Character Recognition - Chars74k
Devendra Pratap Yadav
Objective
The aim is to explore methods for recognition of segmented handwritten characters from corresponding image files. This problem comprises solving three major sub-problems, which are image pre-processing, extracting relevant features from the images, and learning an Artificial Neural Network model to classify the data points into their respective classes. This is better represented by the flowchart below
In this report, we intend to describe the algorithm that we will be using for solving each of the above sub-problems, and illustrate the results of the partial work done in this regard.
We will be using the Chars74K Image Dataset (consisting of all English alphabet letters in uppercase as well as lowercase , along with the digits 0 9), to perform the experiments.
Image Pre-processing
The aim of this step is to obtain clear character images devoid of any noise of a fixed dimension.
● Thresholding - Although most of the images in the dataset are binary images, we explicitly binarised those which were not, using Otsus thresholding. The foreground is represented by white pixels (Value = 255).
● Image Denoising - We then apply an appropriate median filter to the binary character image to remove any kind of salt and pepper noise, since our algorithm deals with the calculation of gradient vectors to detect character boundaries. Salt and pepper noise can cause the algorithm to report false positives and result in generation of noisy data. Some special cases arise when the lines in the images are very thin, in which case the median filter completely obliterates large chunks of lines. We used RMSE as a measure to make sure this does not happen.

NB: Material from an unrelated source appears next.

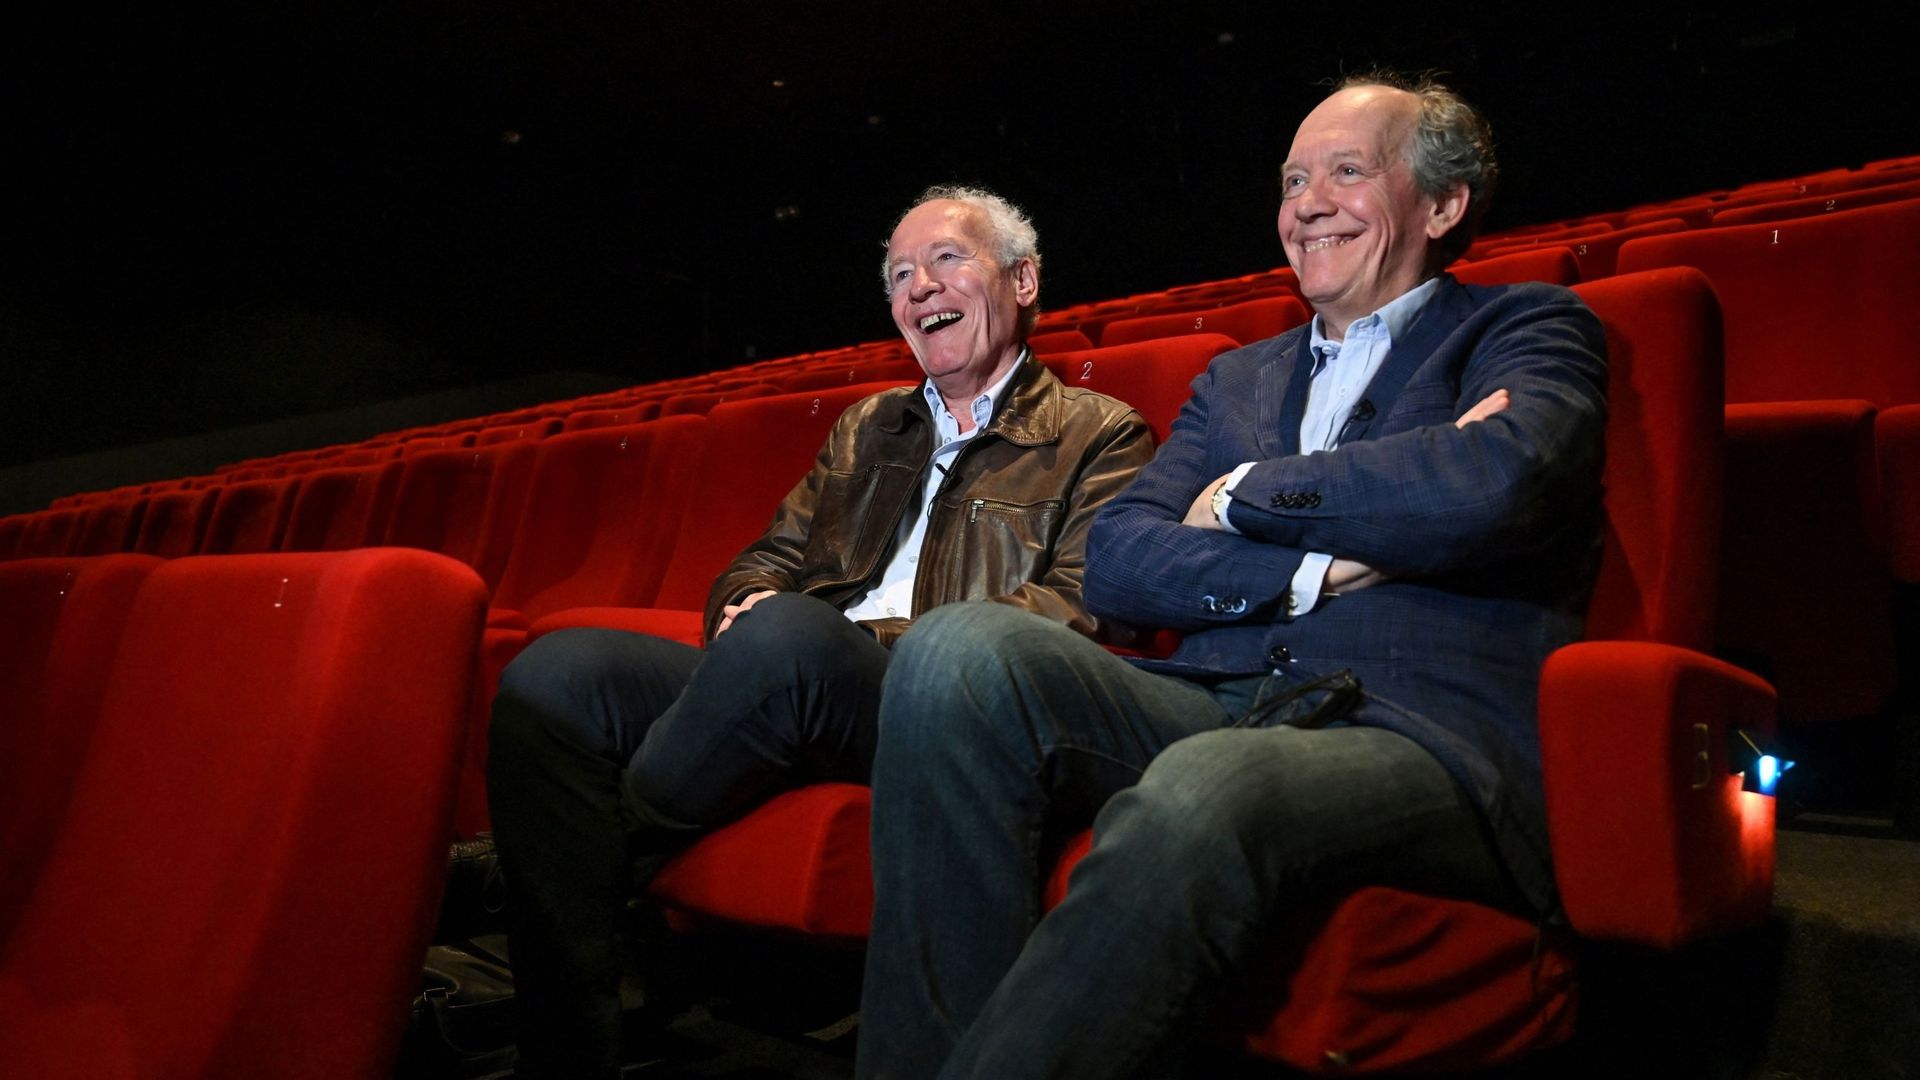 Les réalisateurs belges Jean-Pierre et Luc Dardenne seront représentés au Festival de Cannes via leur société de production "Les films du fleuve", impliquée dans "The Old Oak" du Britannique Ken Loach.

● Bounded Box - The third step is to obtain a bounded box containing only the main character, removing any black border around it. We then resize all of the snipped images to get images of size 32 X 32. This gives us a uniform set of images, each of the same dimension.
Feature generation
We break down the entire image into sub blocks of equal size also called zoning (similar to the process follows in JPEG compression). Each sub-block is considered as a separate entity, and has its own set of features. The features for the image as a whole will be the features of its individual sub-blocks arranged linearly.
We can observe that the rather complex looking shape of the character as a whole can be made simple by considering is as being made of many small individual strokes of line and their intersections. An appropriate sized sub-block will capture only a very small part of the character, which will look like small line strokes. This motivates the sub division of the image.
We intend to use certain metrics in our implementation, namely the number of distinct gradient orientations present, and the type of different gradient orientations.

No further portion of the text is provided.